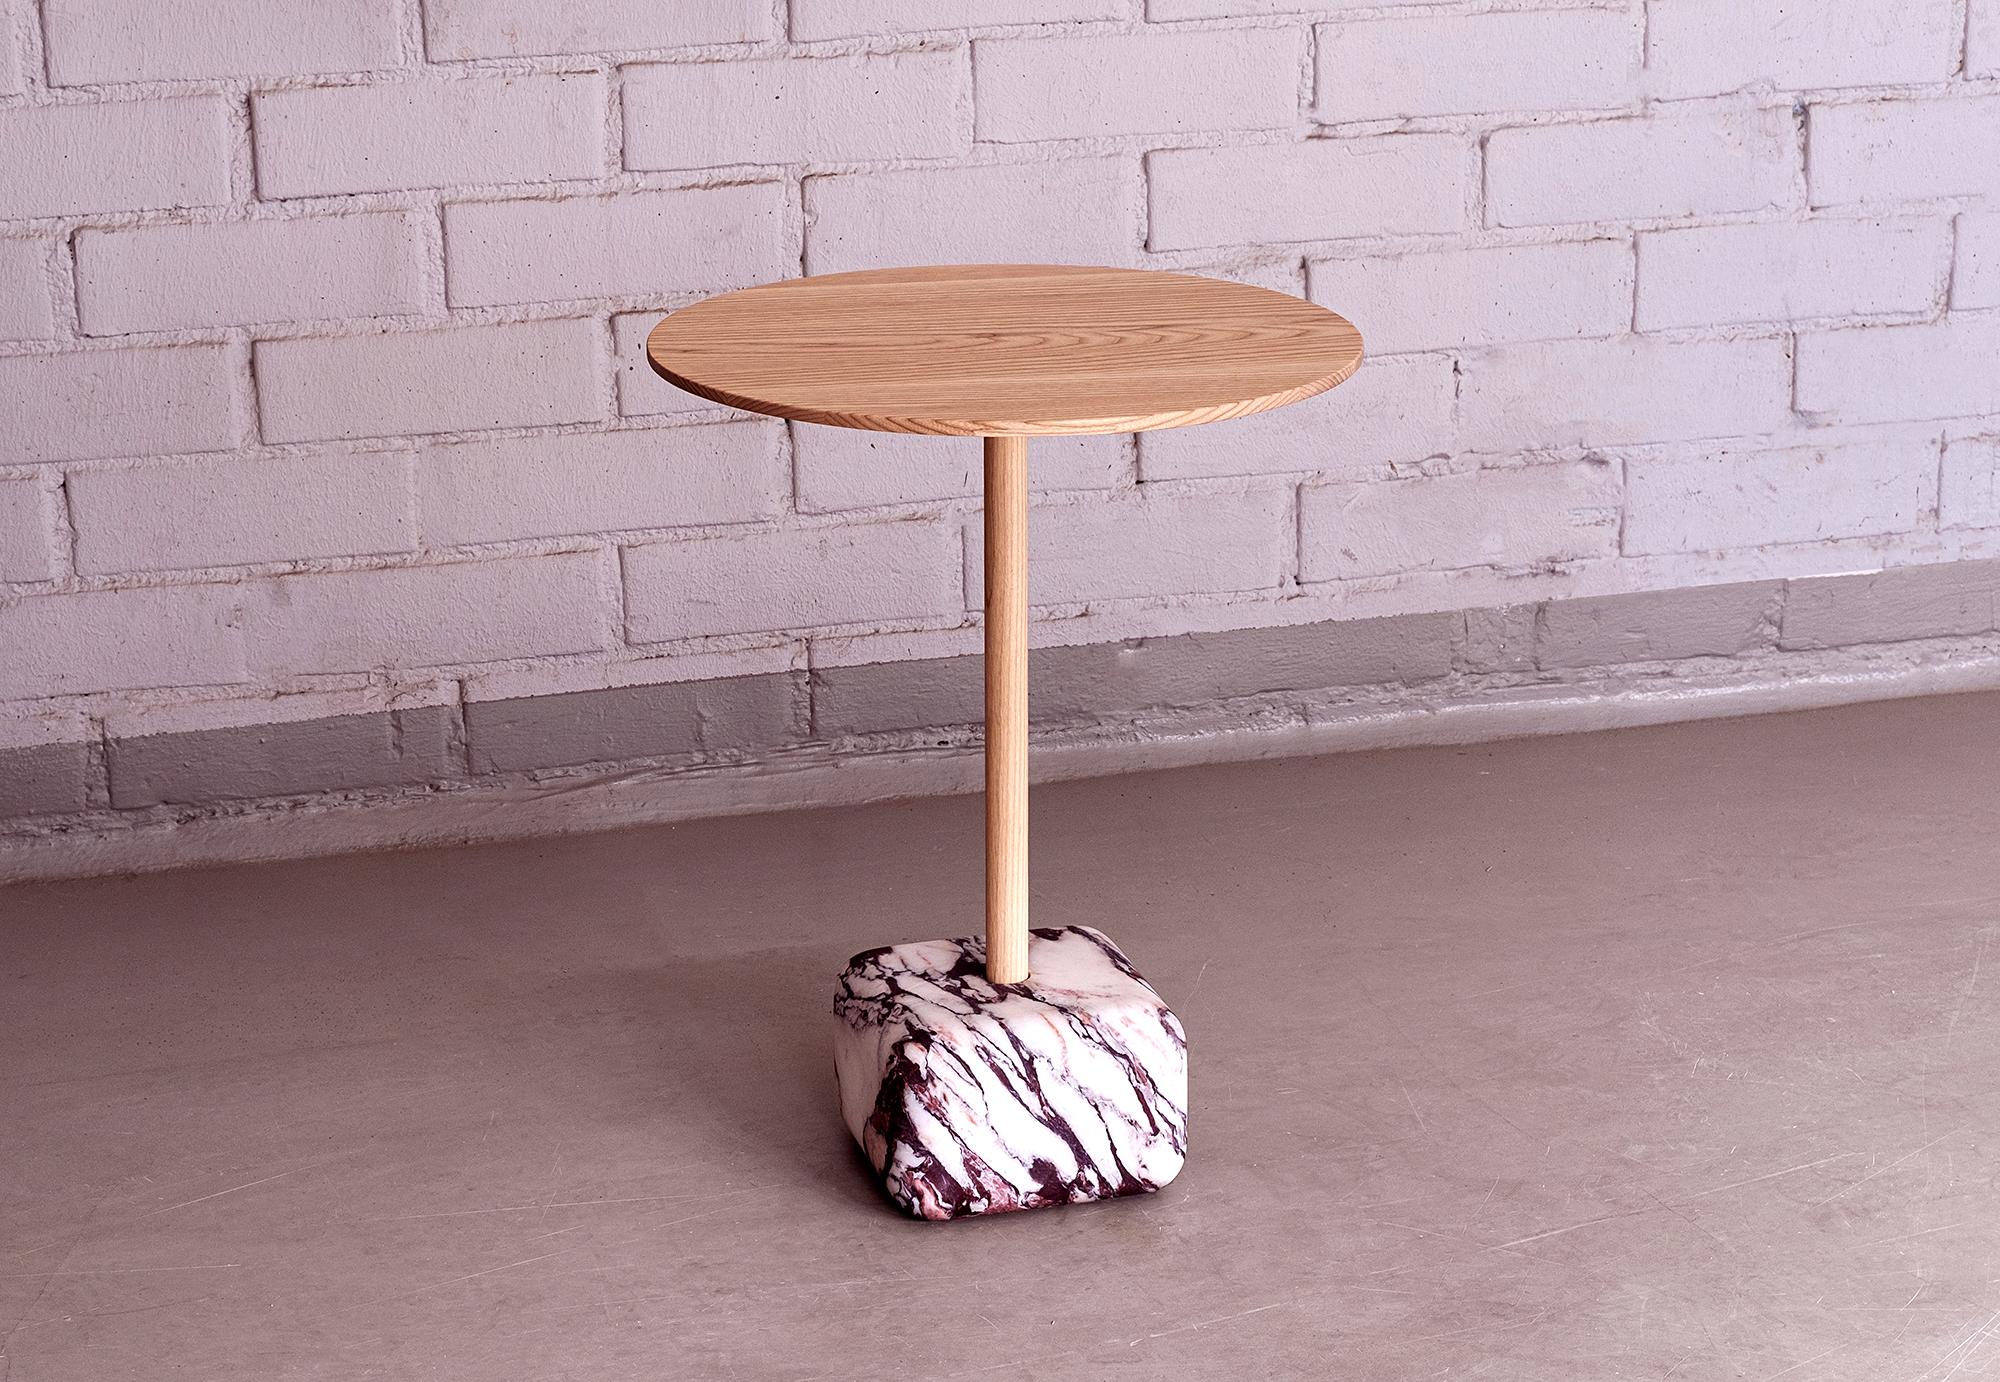 Petite table d'appoint en marbre Arabescato et bois de frêne avec un seul pilier en bois. La base en marbre avec ses angles doux donne à la table une construction stable.
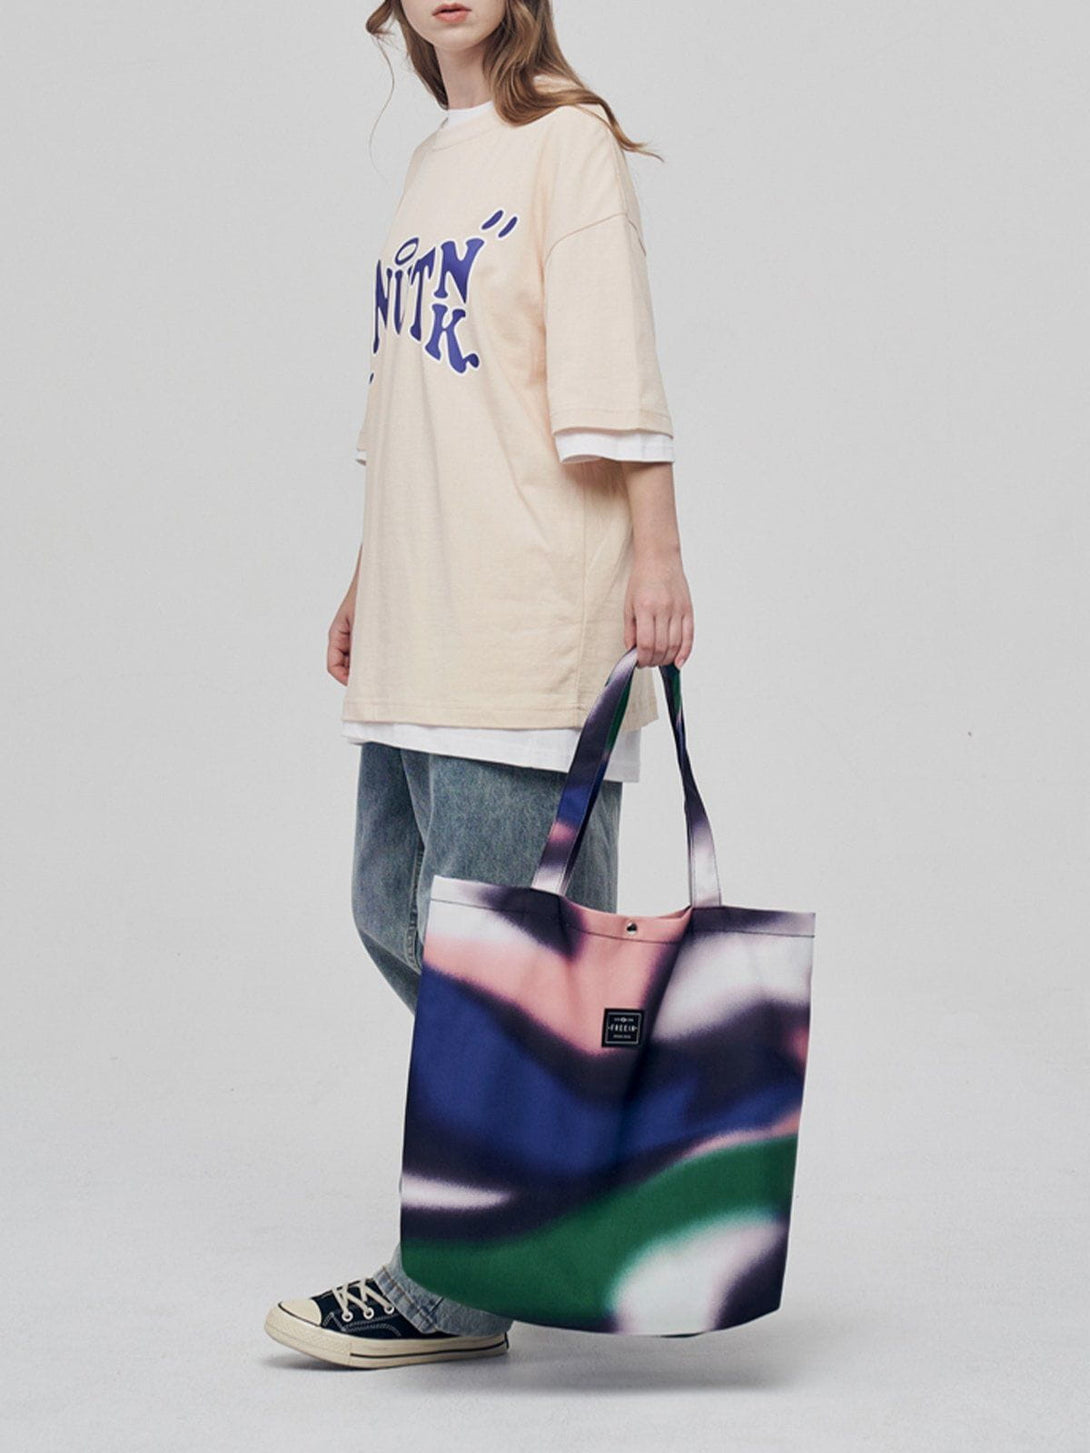 Levefly - Abstraction Contrast Canvas Shoulder Bag Bag - Streetwear Fashion - levefly.com
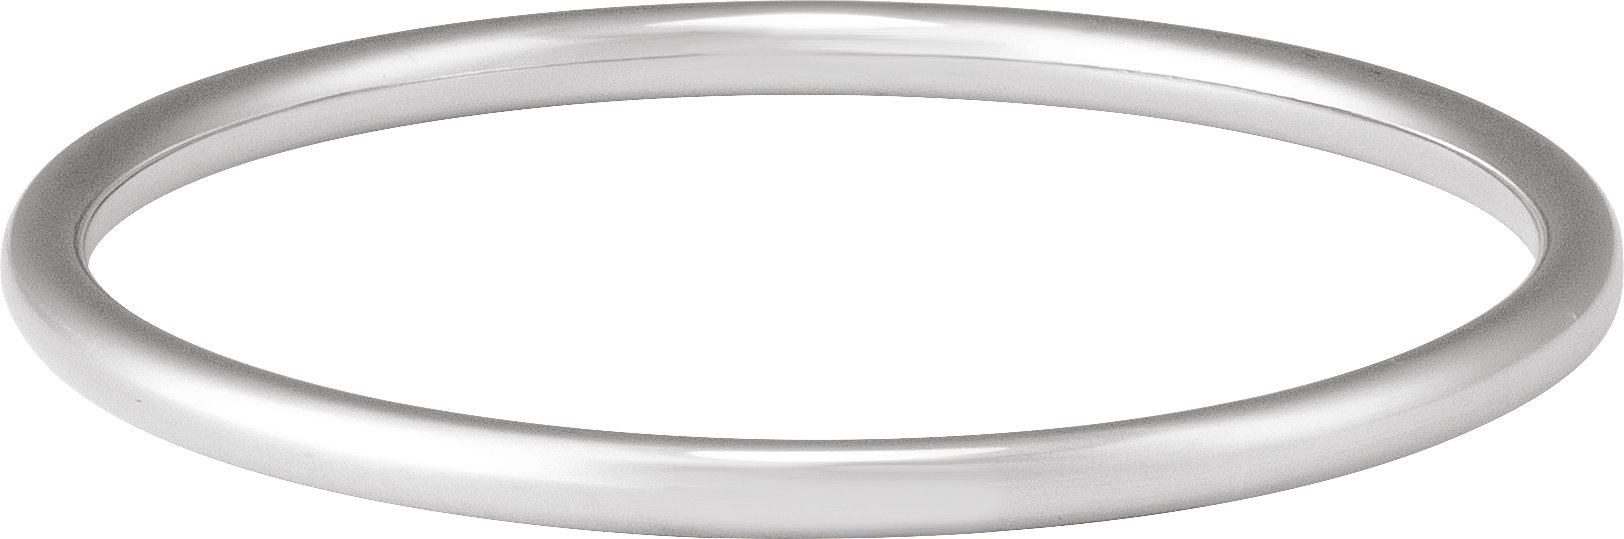 Sterling Silver 4 mm Bangle 7 3/4" Bracelet
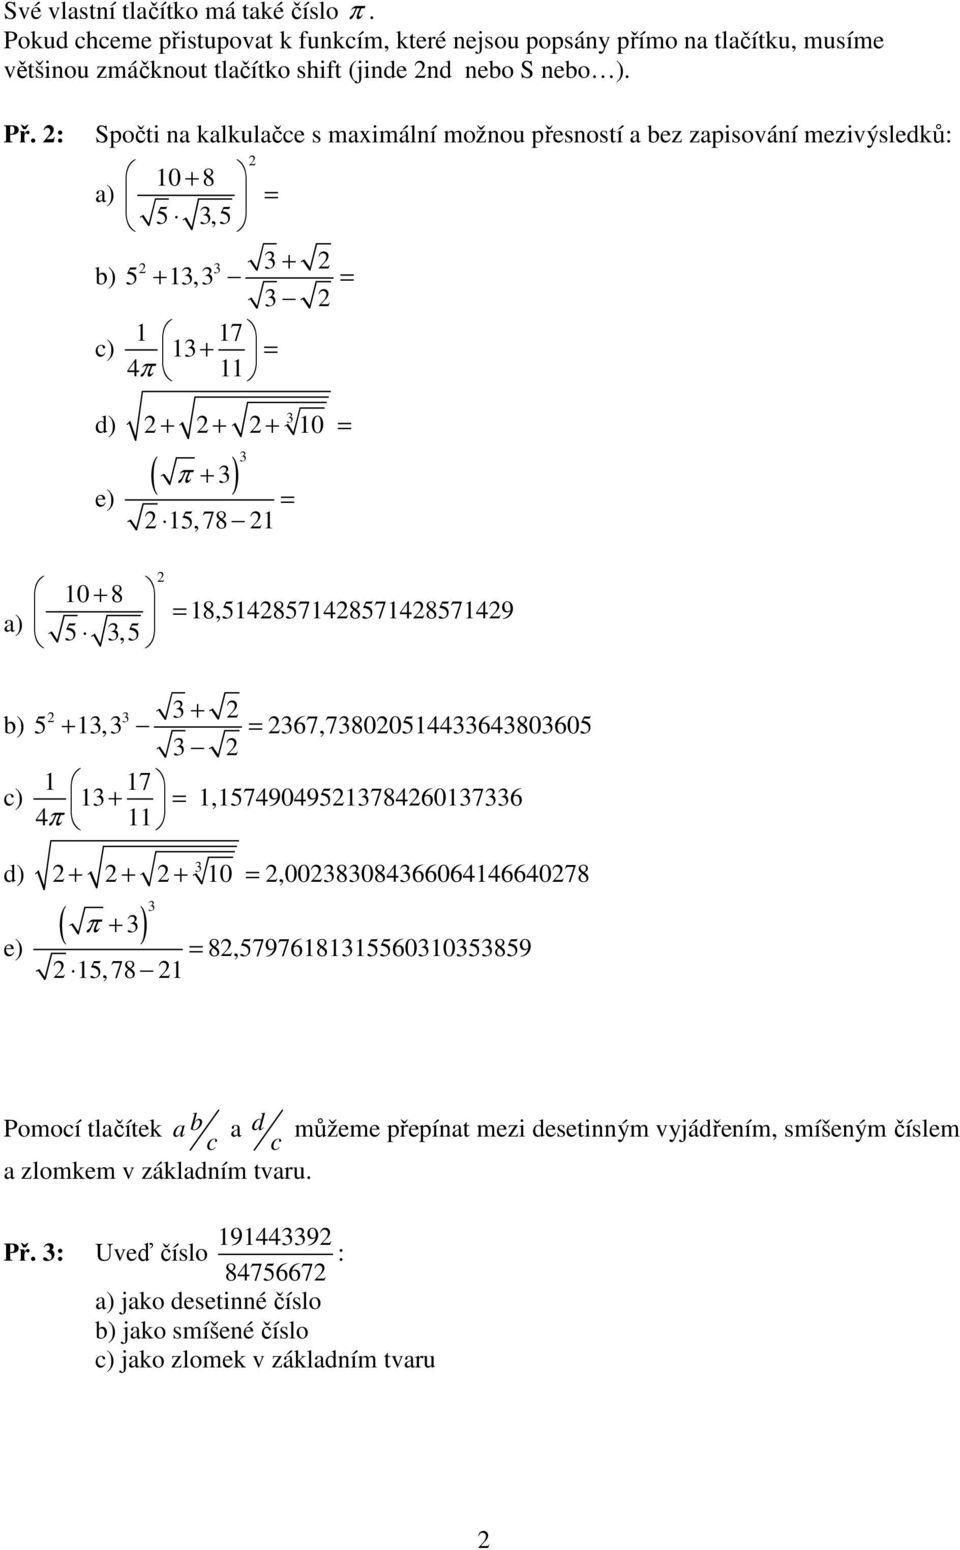 : Spočti na kalkulačce s maximální možnou přesností a bez zapisování mezivýsledků: 0 + 8 5,5 + 5 +, 7 + π d) + + + 0 ( π + ) 5,78 0 + 8 5,5 8,58578578579 d) +
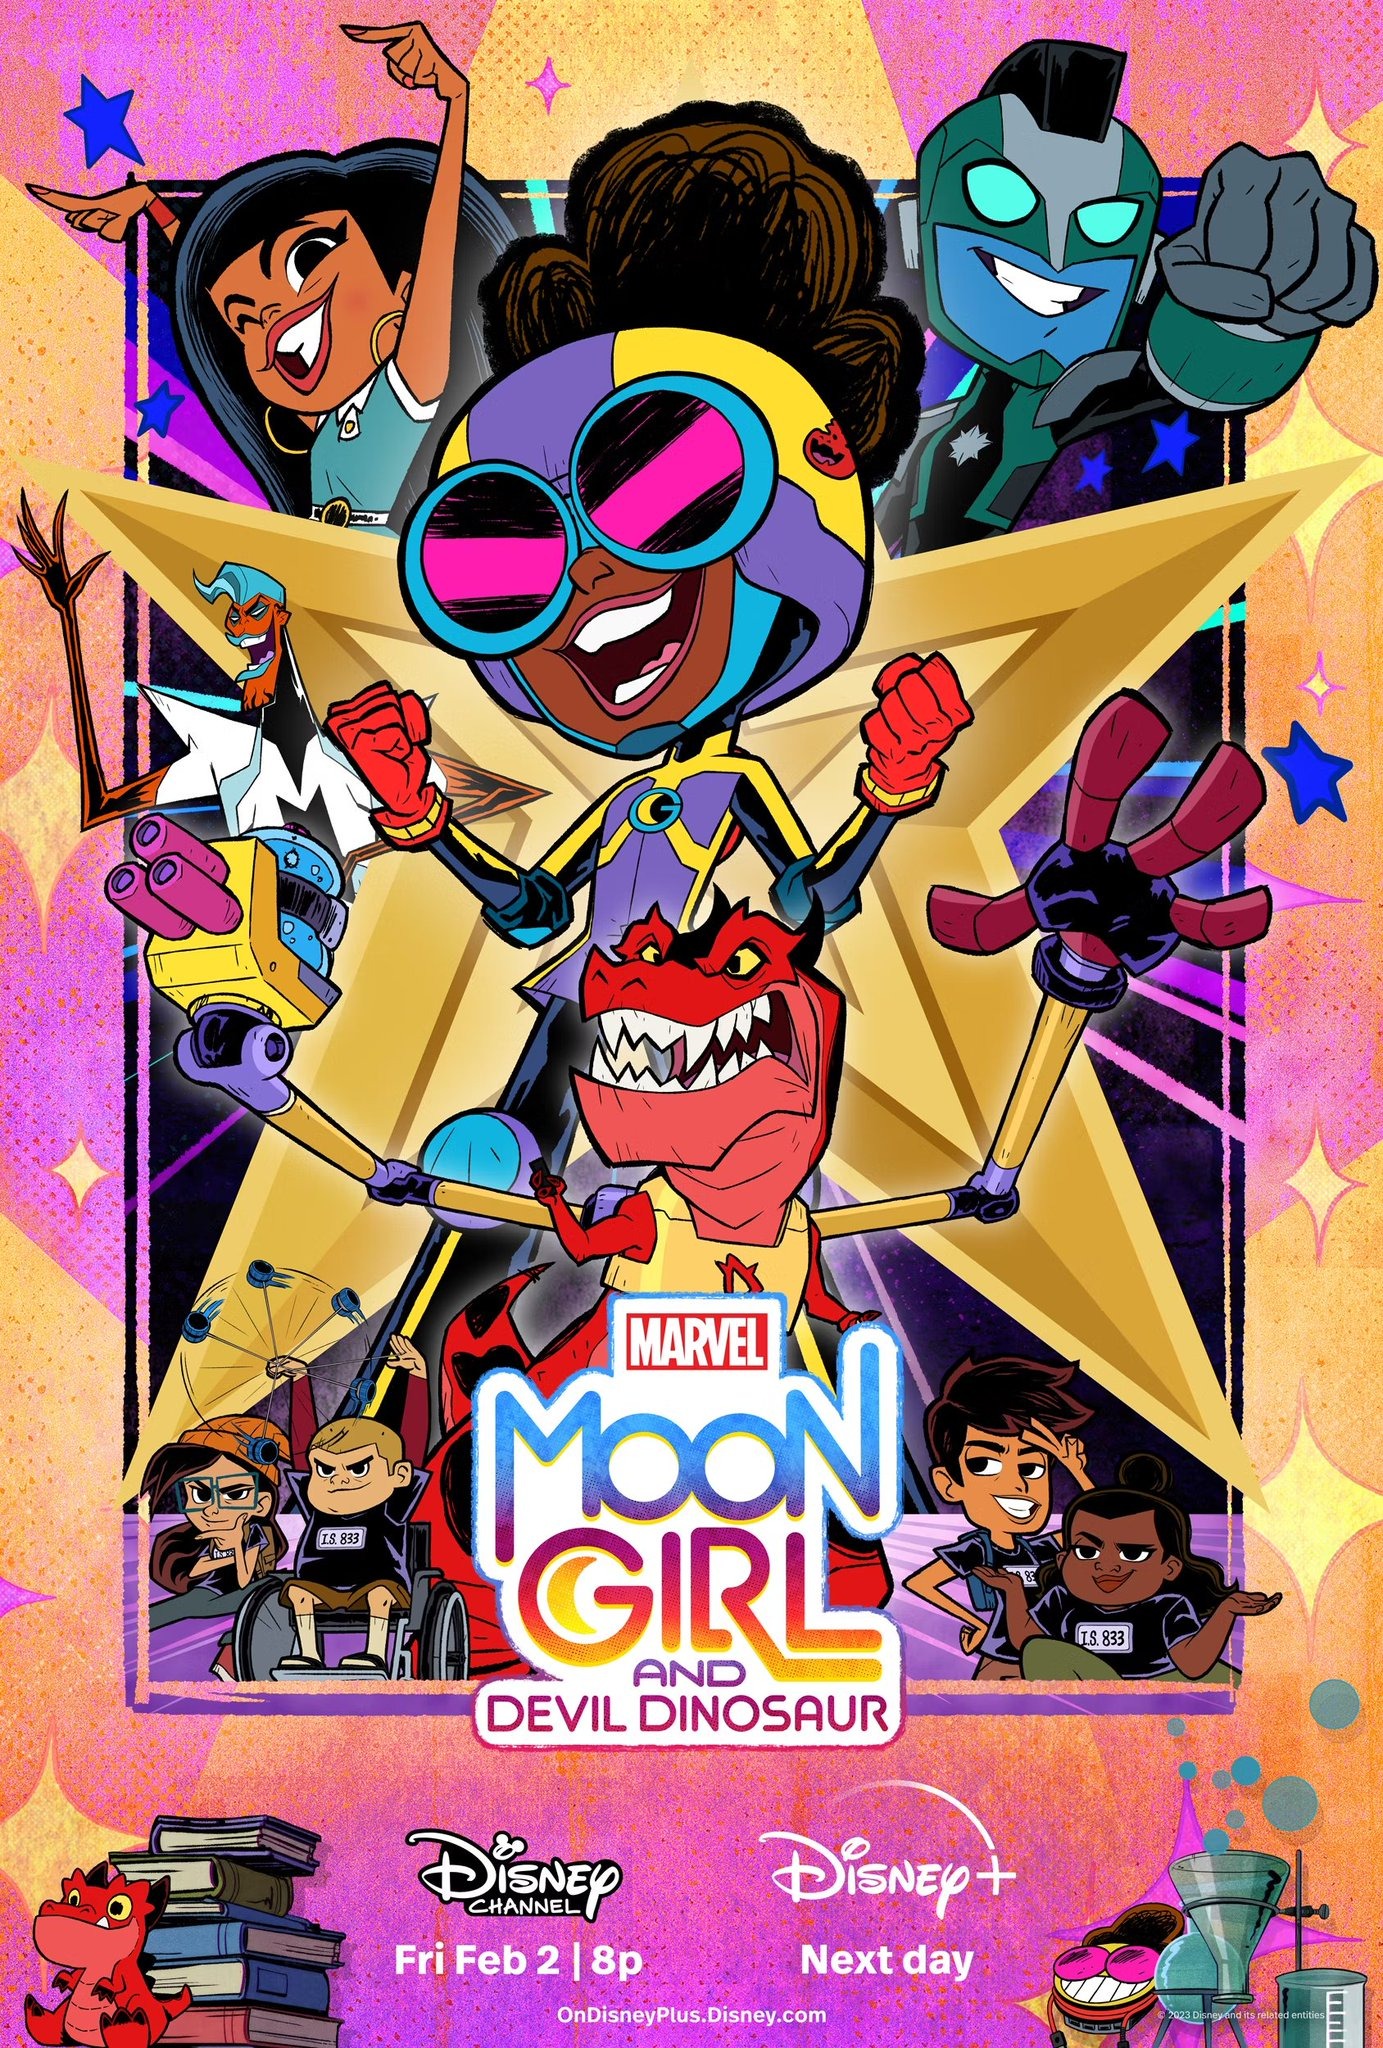 Mega Sized TV Poster Image for Marvel's Moon Girl and Devil Dinosaur (#7 of 7)

◇ ◇ ◇ ◇ ◇

All that should be printed is the lines from the one containing "Levefly - Abstraction" through the last line of the material above, both ends included, exactly as they stand; please skip the pictures.

 Levefly - Abstraction Contrast Canvas Shoulder Bag Bag - Streetwear Fashion - levefly.com
 Sterling Silver 4 mm Bangle 7 3/4" Bracelet
 : Spočti na kalkulačce s maximální možnou přesností a bez zapisování mezivýsledků: 0 + 8 5,5 + 5 +, 7 + π d) + + + 0 ( π + ) 5,78 0 + 8 5,5 8,58578578579 d) +
 Mega Sized TV Poster Image for Marvel's Moon Girl and Devil Dinosaur (#7 of 7)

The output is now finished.